The Education Department said June 16 that special education oversight would be coordinated with Health and Human Services, while civil-rights enforcement in education would move to the Justice Department, a rearrangement that advocates say could weaken hard-won protections for people with disabilities. The department said the new partnership was meant to reduce bureaucracy and improve coordination, and it said services and protections would not change.
The stakes are rooted in a long legal fight over where disabled Americans live, learn and receive services. The Americans with Disabilities Act was signed on July 26, 1990, and the Supreme Court’s 1999 Olmstead v. L.C. decision held that unjustified segregation of people with disabilities can amount to unlawful discrimination under the ADA. Federal IDEA guidance traces special education law back to the Education for All Handicapped Children Act of 1975, renamed IDEA in 1990 and last reauthorized in 2004.

The concern sharpened after the Justice Department’s Office of Legal Counsel issued an opinion on June 18, 2026, saying neither Section 504 nor Title II of the ADA imposes an integration mandate on states in their treatment of people with severe mental illness or disabilities. Disability-rights advocates view that position as a direct challenge to the Olmstead framework that has guided community-based care for decades. HHS, by contrast, says Olmstead remains central to its civil-rights work and that the decision requires services in the most integrated setting appropriate.

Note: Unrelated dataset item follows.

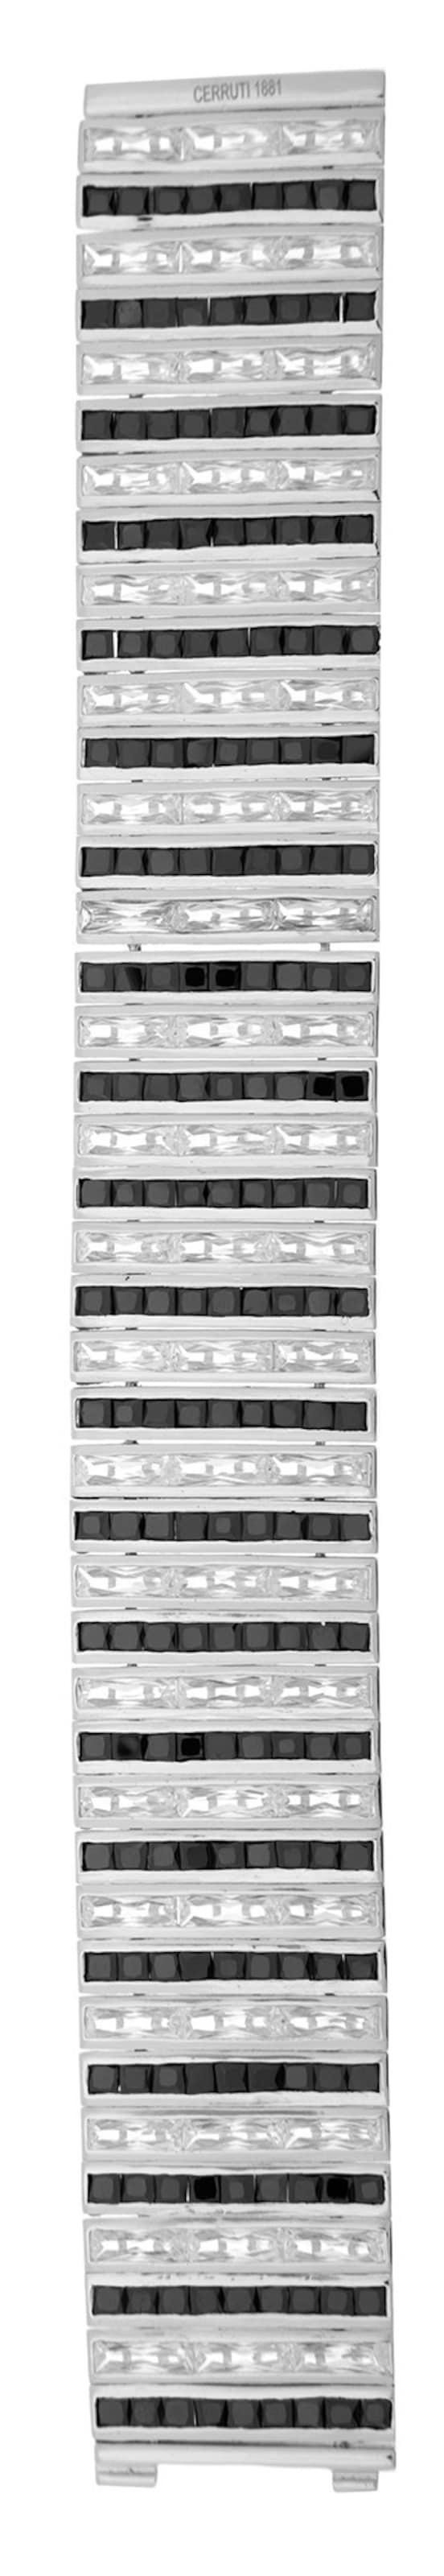 CERRUTI Armband 'R52002ZN' Mit Kreditkarte Zu Verkaufen AkyxvW1

The Justice Department’s Civil Rights Division says its Disability Rights Section works to achieve equal opportunity and coordinate consistent implementation of Section 504, but advocates say the overall direction points the other way. Selene Almazan, legal director for the Council of Parent Attorneys and Advocates, said the new direction amounts to an assault on those gains. The warning comes against a backdrop of federal efforts to police homelessness, which disability advocates say reflects a broader willingness to treat disability and institutional placement as issues of social control rather than accommodation.
Before the civil-rights era, people with mental illnesses and developmental or intellectual disabilities were often confined to institutions and cut off from ordinary community life. Advocates fear that if the current policy shift hardens, it could affect special education, community living services and the legal standards that determine when institutions are used, leaving families and state agencies to navigate a far less protective federal system.